UNASSIGNED: Performance of an existing 4-assay model in comparison with the existing full ER agonist model was analyzed as related to chemical clustering. This was a case study, and a similar analysis can be performed with any subset model in which the same chemicals (or subset of chemicals) are screened. Of the 365 clusters containing >1 ER model chemical, 321 did not have any chemicals predicted to be agonists by the full ER agonist model. The best 4-assay subset ER agonist model disagreed with the full ER agonist model by predicting agonist activity for 122 chemicals from 91 of the 321 clusters. There were 44 clusters with at least two chemicals and at least one agonist based upon the full ER agonist model, which allowed accuracy predictions on a per-cluster basis. The accuracy of the best 4-assay subset ER agonist model ranged from 50% to 100% across these 44 clusters, with 32 clusters having accuracy ≥90%. Overall, the best 4-assay subset ER agonist model resulted in 122 false-positive and only 2 false-negative predictions compared with the full ER agonist model. Most false positives (89) were active in only two of the four assays, whereas all but 11 true positive chemicals were active in at least three assays. False positive chemicals also tended to have lower area under the curve (AUC) values, with 110 out of 122 false positives having an AUC value below 0.214, which is lower than 75% of the positives as predicted by the full ER agonist model. Many false positives demonstrated borderline activity. The median AUC value for the 122 false positives from the best 4-assay subset ER agonist model was 0.138, whereas the threshold for an active prediction is 0.1.
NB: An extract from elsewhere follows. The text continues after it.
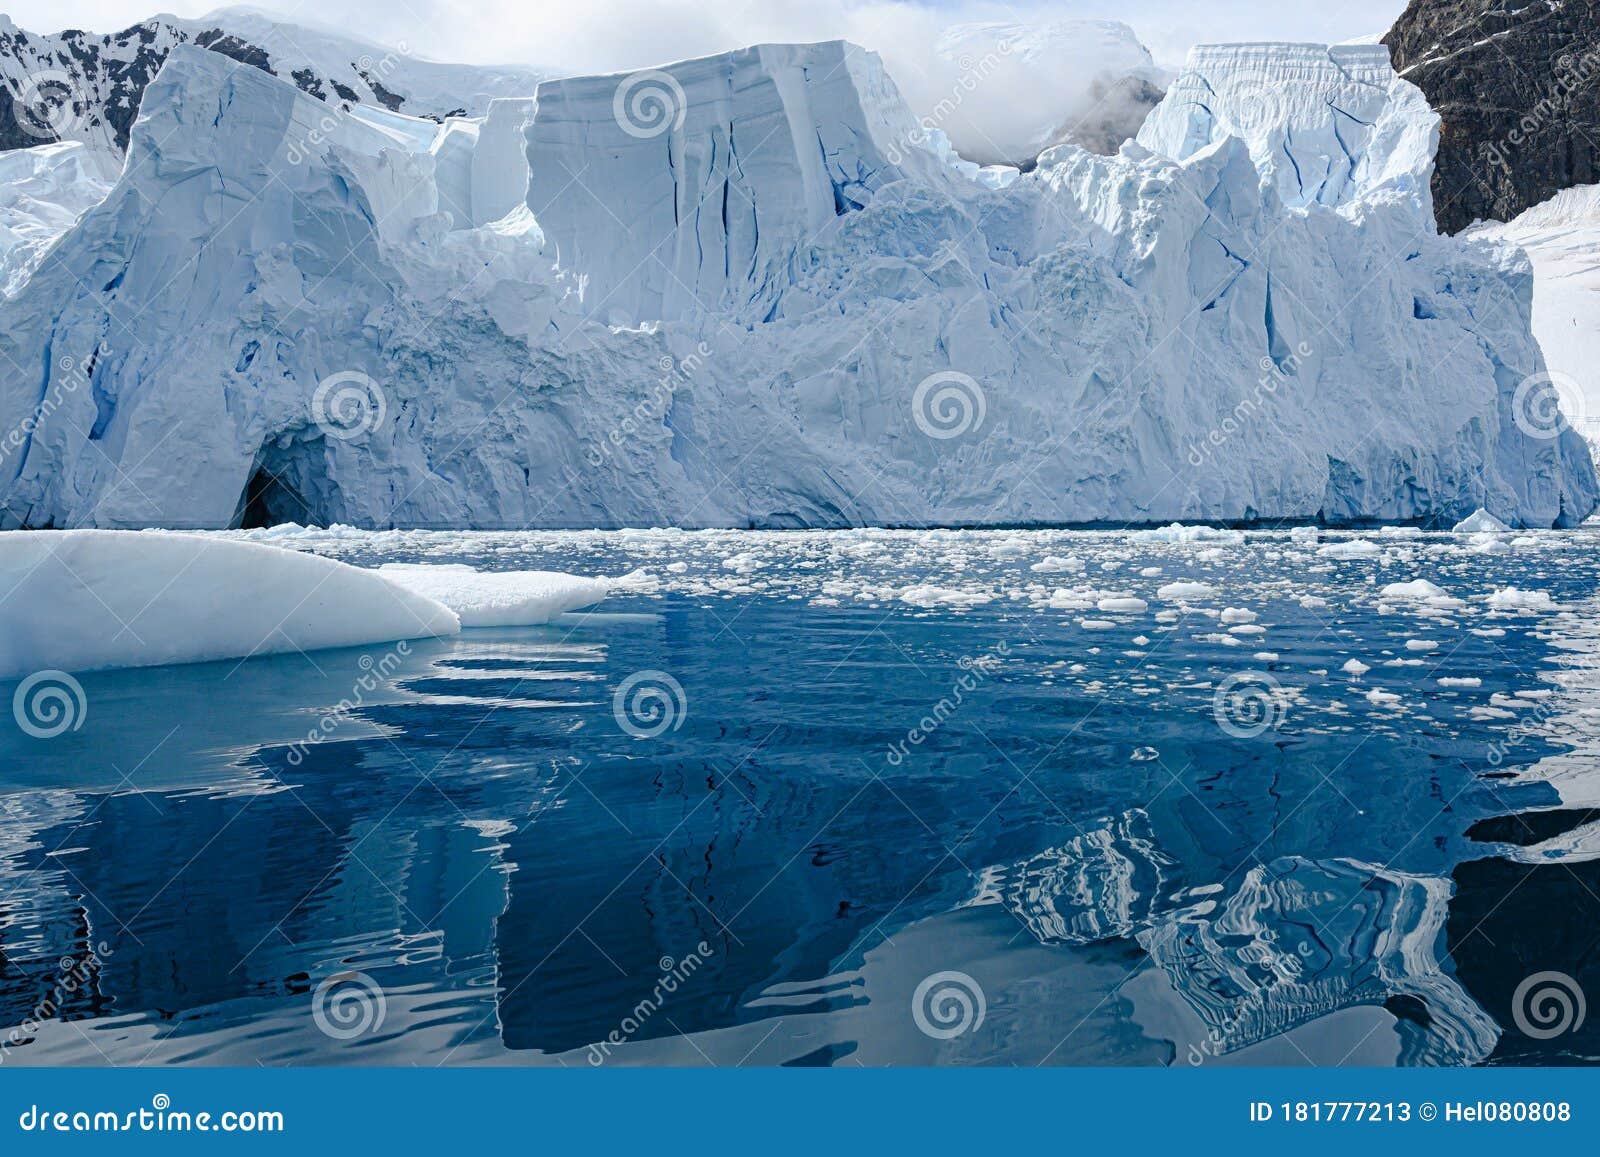 glacier ice shelf in antarctica, majestic blue and white glacier edge reflecting in blue sea water, paradise bay, antarctica

UNASSIGNED: Our results show that the existing 4-assay model performs well across a range of structurally diverse chemicals. Although this is a descriptive analysis of previous results, several concepts can be applied to any screening model used in the future. First, the clustering of the chemicals provides a means of ensuring that future screening evaluations consider the broad chemical space represented by the EDSP UoC. The clusters can also assist in prioritizing future chemicals for screening in specific clusters based on the activity of known chemicals in those clusters. The clustering approach can be useful in providing a framework to evaluate which portions of the EDSP UoC chemical space are reliably covered by in silico and in vitro approaches and where predictions from either method alone or both methods combined are most reliable. The lessons learned from this case study can be easily applied to future evaluations of model applicability and screening to evaluate future datasets.